Поэтому я снова спустился в сумеречную область, двигаясь от ветви к ветви вокруг ствола и высматривая внизу траекторию свободного падения. Несколькими ветвями ниже я ее нашел — идеальную траекторию полета, глубокую, как колодец шахты, строго перпендикулярную земле, где узловатые корневища дерева обеспечат мне жесткое и неминуемо смертельное столкновение с почвой. Нужно было только немного отклониться от ствола и слегка продвинуться по ветке наружу, а потом совершенно беспрепятственно прыгать и стремительно лететь в глубину.

Я медленно опустился на колени, уселся на ветку, прислонился к стволу и перевел дух. До этого момента я вообще не сообразил задуматься, что я, собственно, замышляю, — настолько меня захватила техническая сторона предприятия. И вот теперь, перед решающим моментом, снова нахлынули мысли, и я, снова предав анафеме и проклятию весь порочный мир и всех его обитателей без разбора чина и звания, начал рисовать в воображении умилительные картины собственных похорон. О, это будут великолепные похороны! Под звон церковных колоколов, под рокочущие звуки органа толпа людей в трауре заполнит кладбище Верхнего Озера. Я буду лежать на ложе из цветов в стеклянном гробу, и черная лошадка повезет меня в последний путь, и все вокруг меня громко зарыдают. Зарыдают мои родители, зарыдают мои одноклассники, зарыдают госпожа д-р Хартлауб и барышня Функель, издалека прибудут для рыдания родственники и, рыдая, все будут бить себя в грудь и громко причитать: «Ах! Мы виноваты, что среди нас нет больше этого славного, незаурядного человека! Ах!

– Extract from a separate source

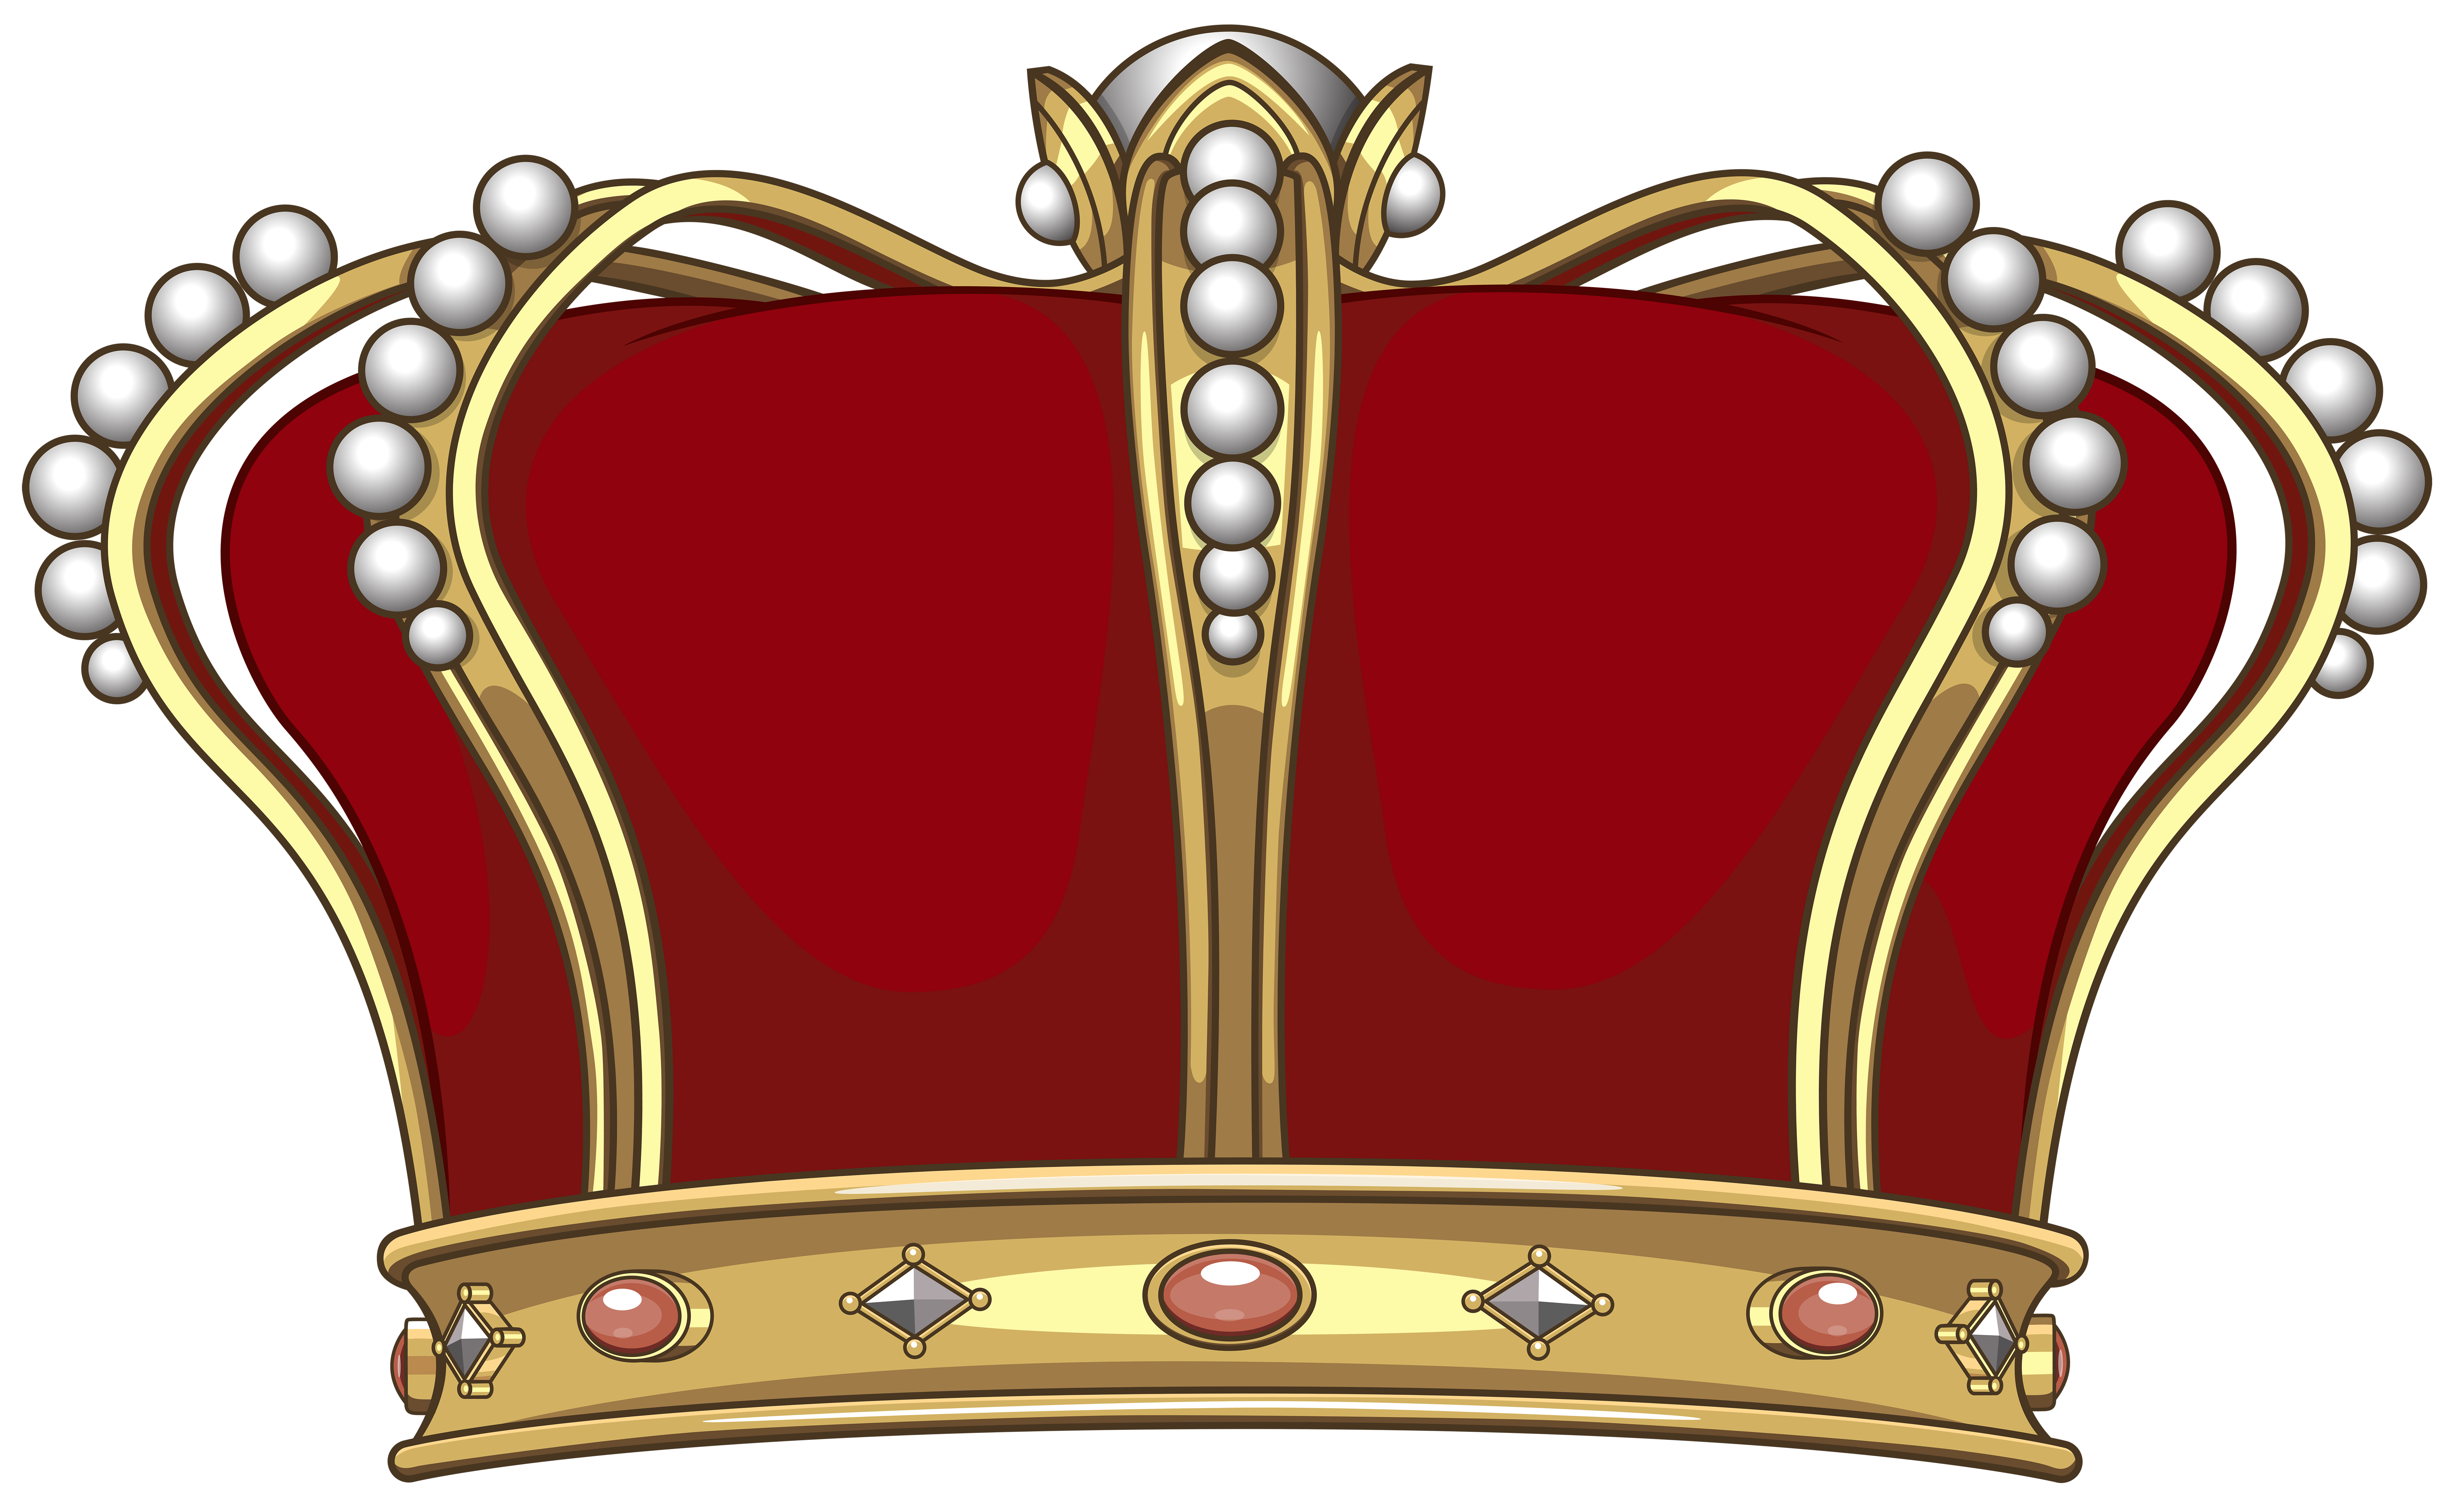 clip art of a king's crown - photo #42

Если бы мы лучше с ним обращались, если бы мы не были так злы и несправедливы, он был бы теперь еще жив, этот хороший, этот славный, этот незаурядный и симпатичный человек!» А у самого края моей могилы стояла Каролина Кюкельманн и бросала мне на гроб букет цветов и прощальный взгляд и восклицала в слезах срывающимся от мучительной боли хрипловатым голосом: «Ах, дорогой мой! Незаурядный мой! Зачем только я не пошла с тобой в тот понедельник!»

Какое упоение эти фантазии! Я погружался в них, я проигрывал свои похороны во все новых вариантах, от положения во гроб до поминальной трапезы, где меня восхваляли в надгробных речах, и под конец сам растрогался настолько, что если не разрыдался, то во всяком случае прослезился. Это были самые прекрасные похороны в истории нашего прихода, о них будут с глубокой грустью вспоминать еще многие десятилетия… какая досада, что сам я не смогу по-настоящему принять в них участия, ведь я тогда буду уже мертв. В этом, к сожалению, не приходилось сомневаться. На своих похоронах я должен быть мертв. Нельзя сразу заиметь и то и другое: отомстить миру и продолжать в нем жить. Значит, пусть будет месть!

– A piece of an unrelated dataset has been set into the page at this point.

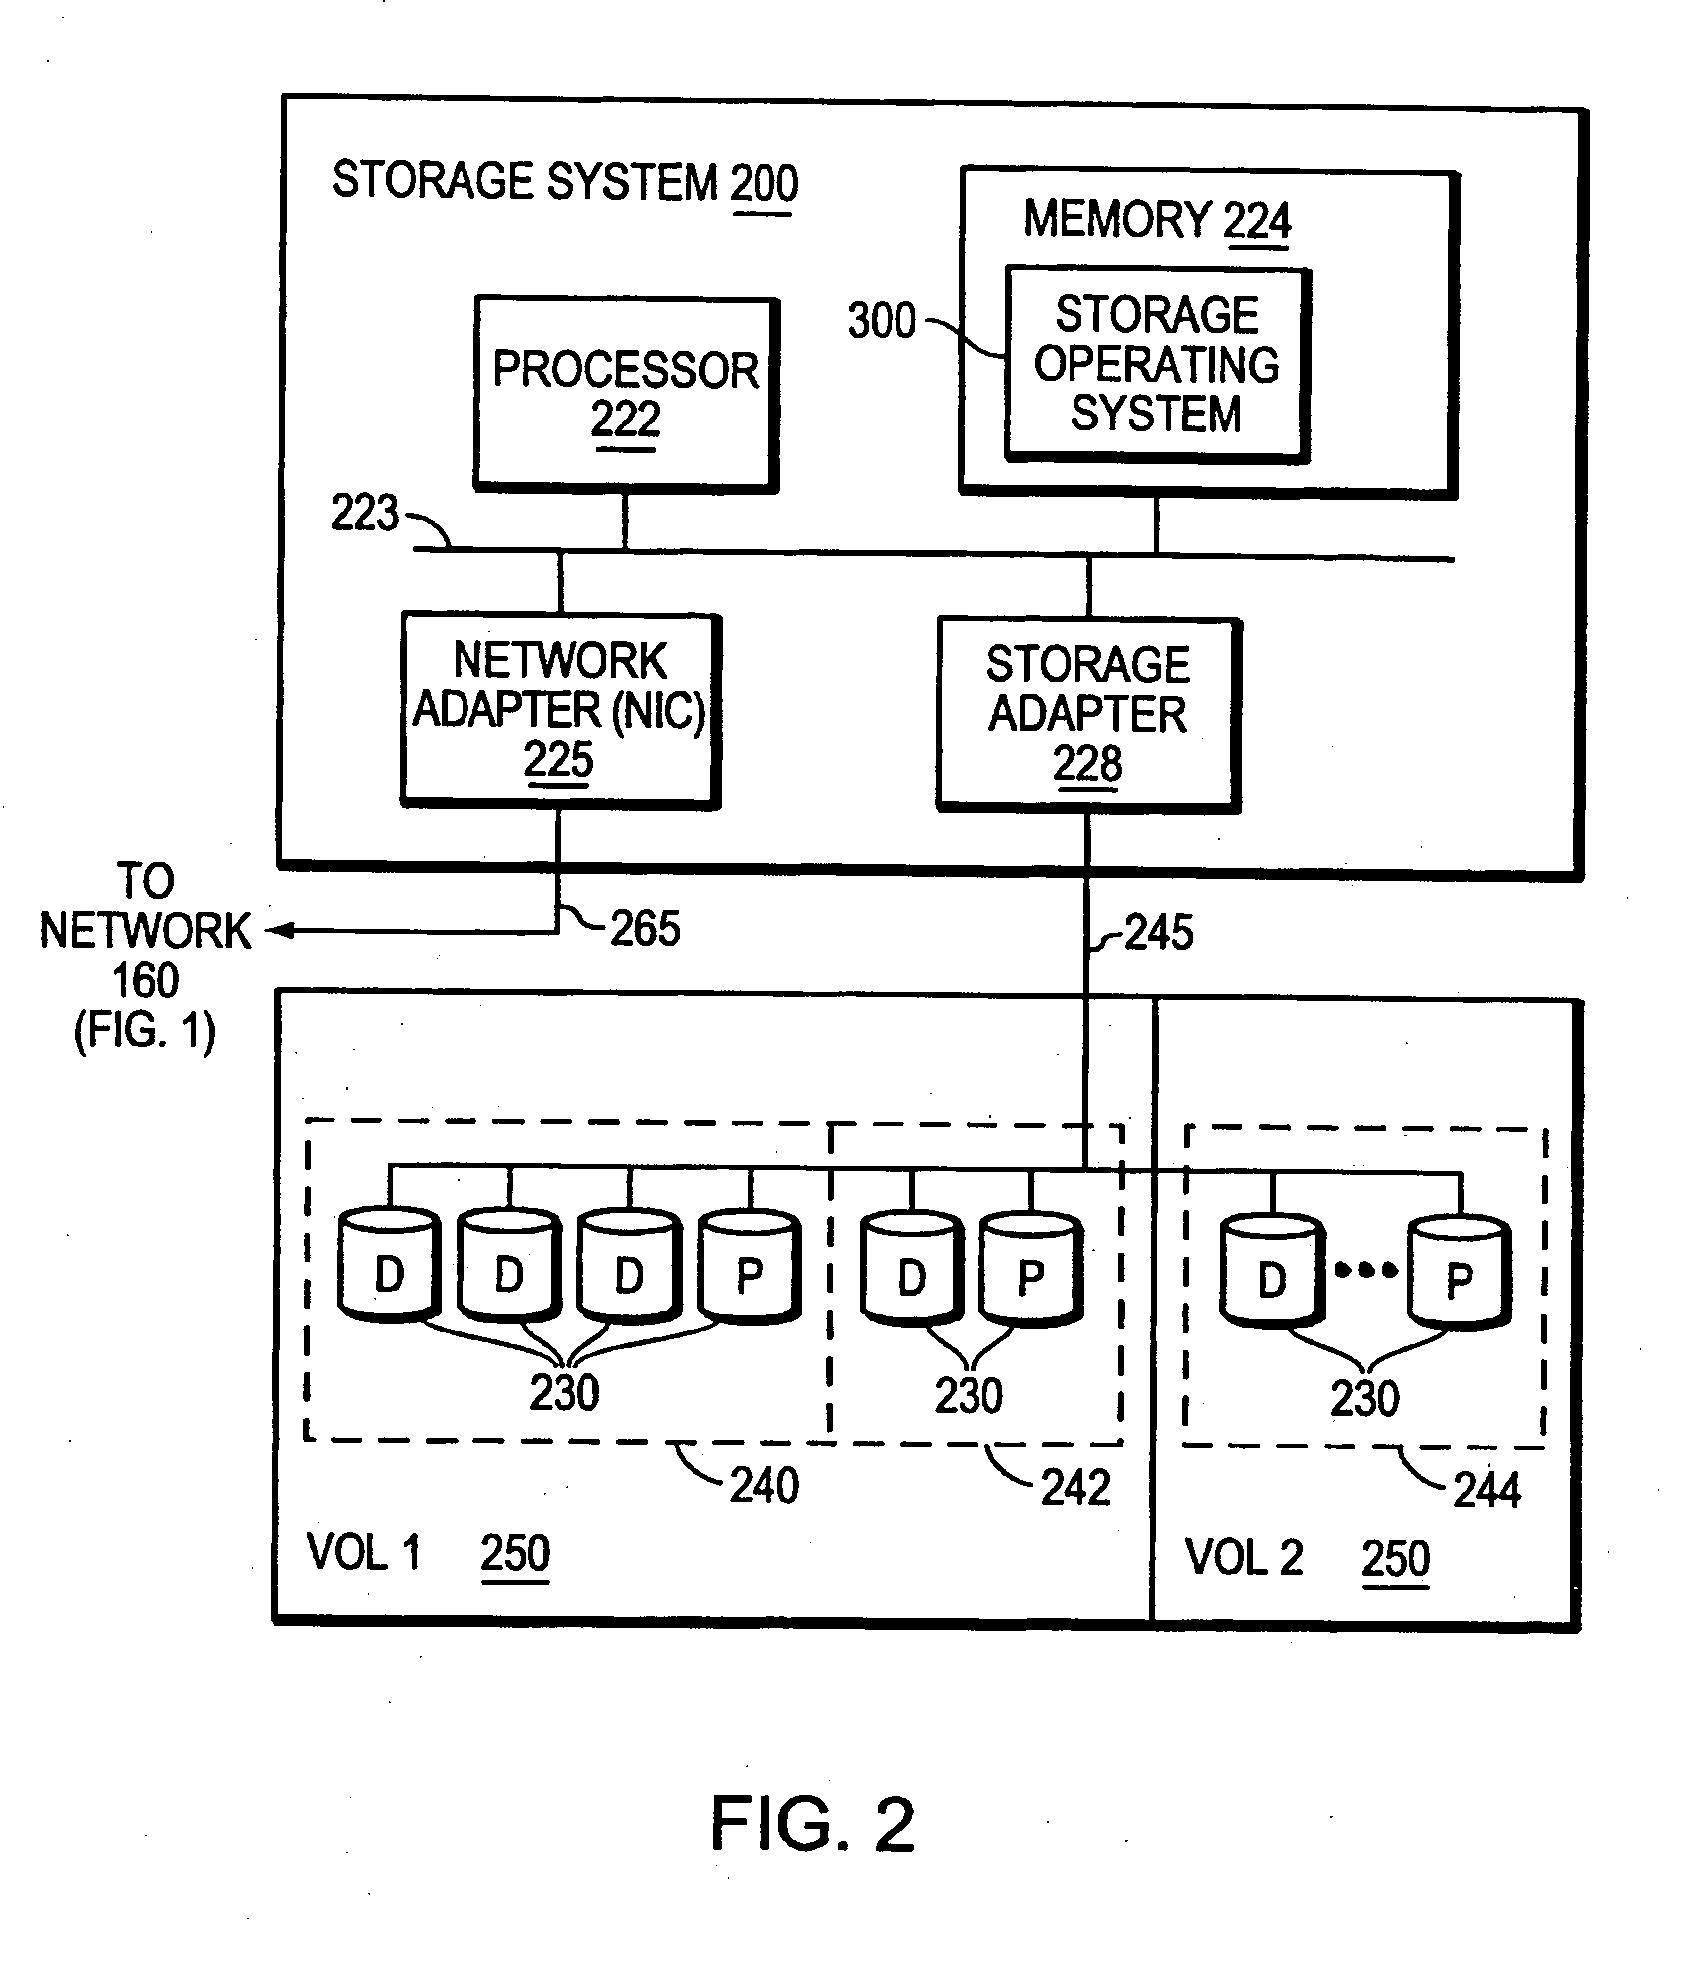 Client failure fencing mechanism for fencing network file system data in a host-cluster environment

Я отцепился от ствола сосны. Медленно, сантиметр за сантиметром, я съезжал по ветке наружу, наполовину опираясь правой рукой о ствол, наполовину отталкиваясь от него и обхватывая левой рукой ветку, на которой сидел. Наступил момент, когда я мог касаться ствола лишь кончиками пальцев… а потом не мог и кончиками пальцев… и сидел уже без боковой опоры, только еще вцепившись обеими руками в ветку, свободный, как птица, подо мной глубина. Очень, очень осторожно я заглянул вниз. И оценил высоту, на которой находился, примерно в три высоты нашего дома — с земли до конька на крыше, а это десять метров. Значит, моя высота равнялась тридцати метрам. По законам Галилео Галилея это означало, что время моего предстоящего падения будет равно точно 2,4730986 секунды, и, следовательно, я ударюсь о землю, имея конечную скорость 87,34 километра в час.

* Если пренебречь сопротивлением воздуха!

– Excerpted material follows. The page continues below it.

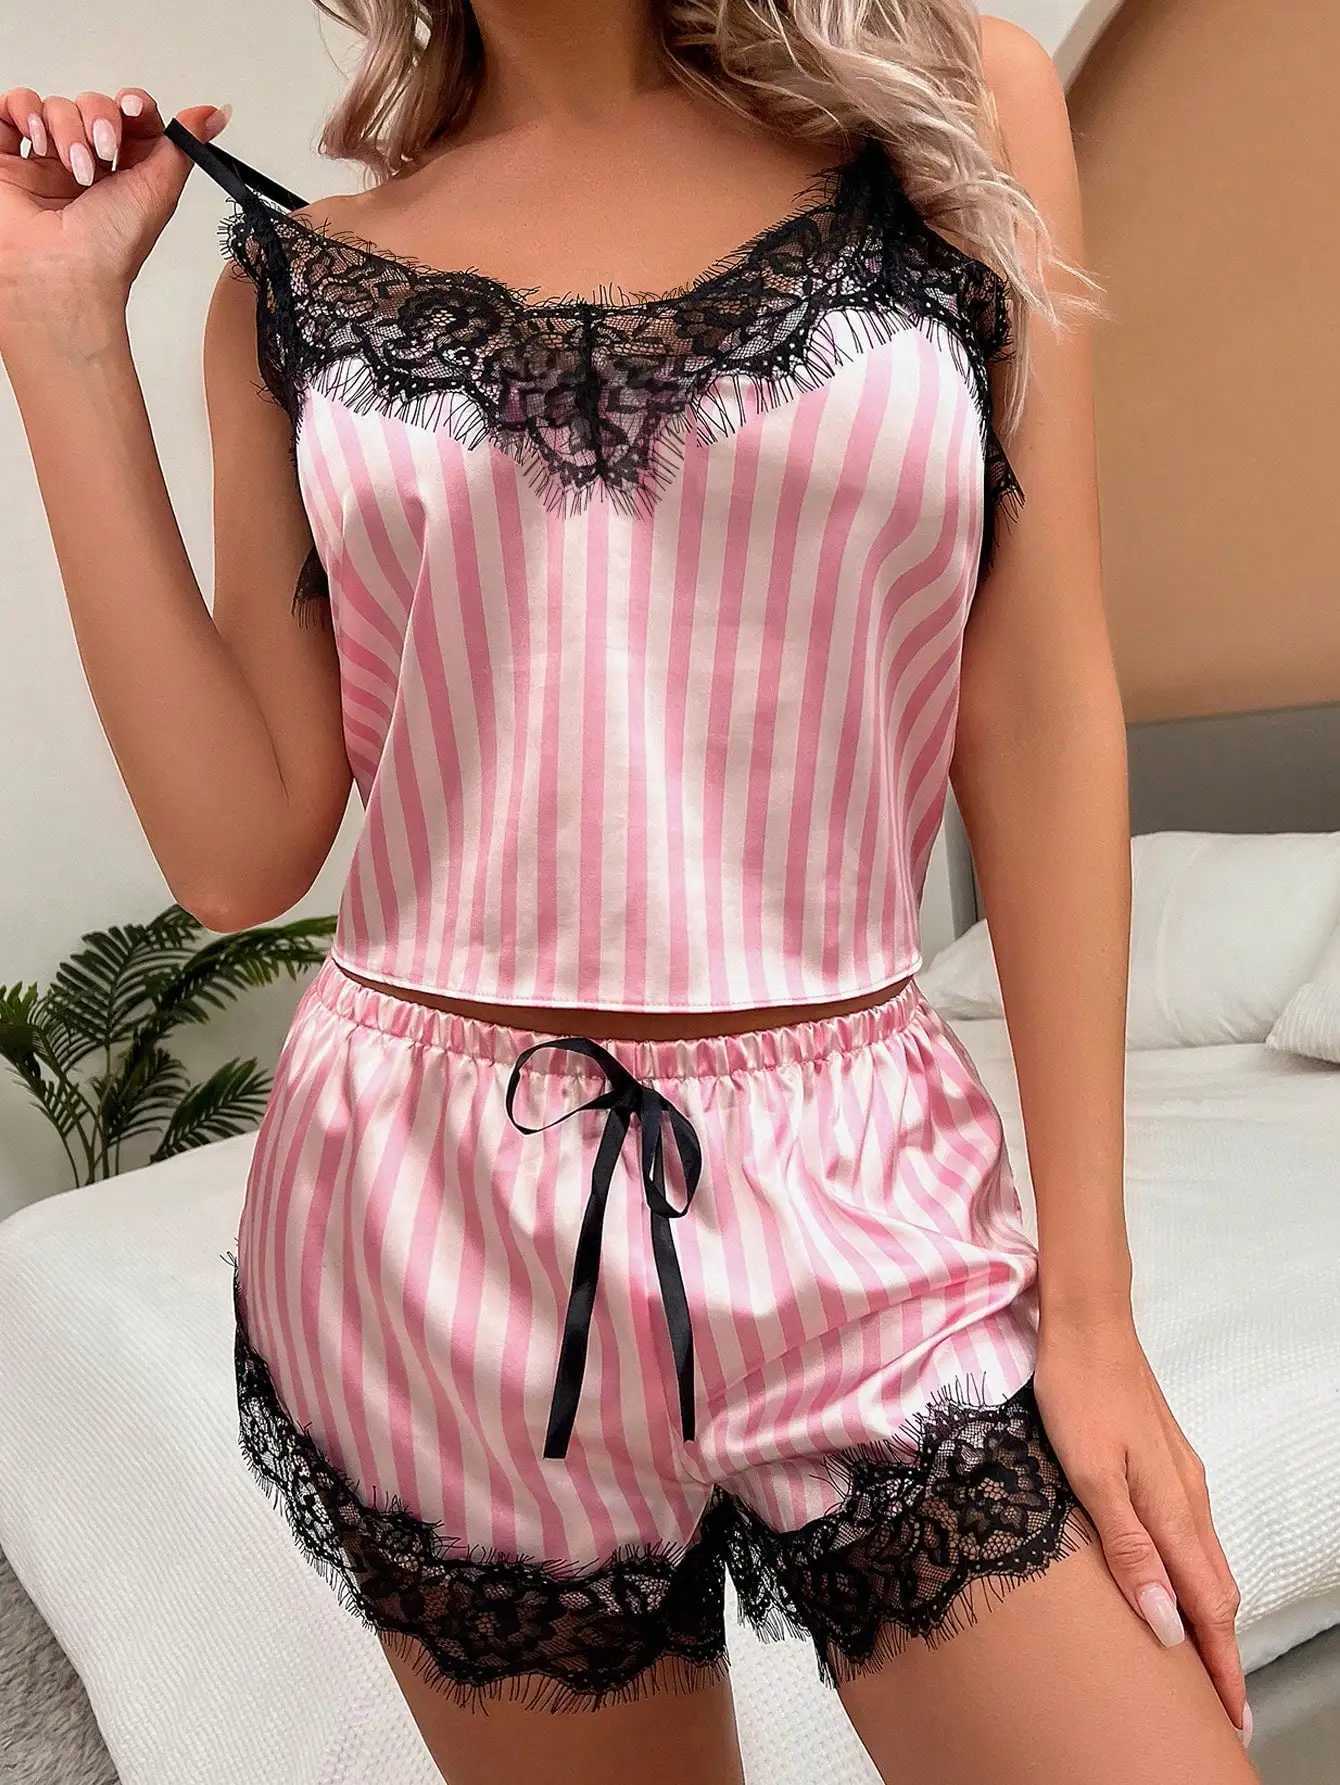 Other Panties New Sexy pajama set lace soft silk-like halter lingerie pink white vertical striped fun erotic sleepwear sexy women YQ240130

** Разумеется, эти вычисления до седьмого знака после запятой я проделал намного позже с помощью карманного арифмометра. Ведь законы падения стали мне в свое время известны только понаслышке, а их значения или математической формулы я еще точно не знал. Мои тогдашние расчеты ограничивались примерной оценкой высоты падения и основанным на разного рода эмпирических опытах предположением, что время падения могло быть довольно долгим, а скорость при столкновении с землей довольно большой.

Я долго смотрел вниз. Глубина влекла. Она соблазнительно притягивала. Она как бы манила: «Ну же, давай прыгай!» Она тащила к себе, как на невидимых нитях: «Давай прыгай!» И это было проще простого. Легче легкого. Только немного наклониться вперед, только совсем чуть-чуть потерять равновесие… остальное произойдет само собой… «Давай прыгай!»

Да! Я прыгну! Я еще только не могу решить когда! Я должен выбрать совершенно определенный момент, одну точку, точку во времени! Я не могу сказать: «Сейчас! Сейчас я это сделаю!»

Я решил досчитать до трех, как мы делали, гоняясь наперегонки или ныряя в воду, и на счете «три» упасть. Я собрался с духом и начал считать:

«Раз… два…» Тут я опять остановился, потому что не знал, как нужно прыгать, с открытыми или с закрытыми глазами. Немного подумав, я решил досчитать до трех с закрытыми глазами, на счете «три», еще не открывая глаз, отцепить руки, и только в момент начинающегося падения снова открыть глаза. Я зажмурился и стал считать: «Раз… два…»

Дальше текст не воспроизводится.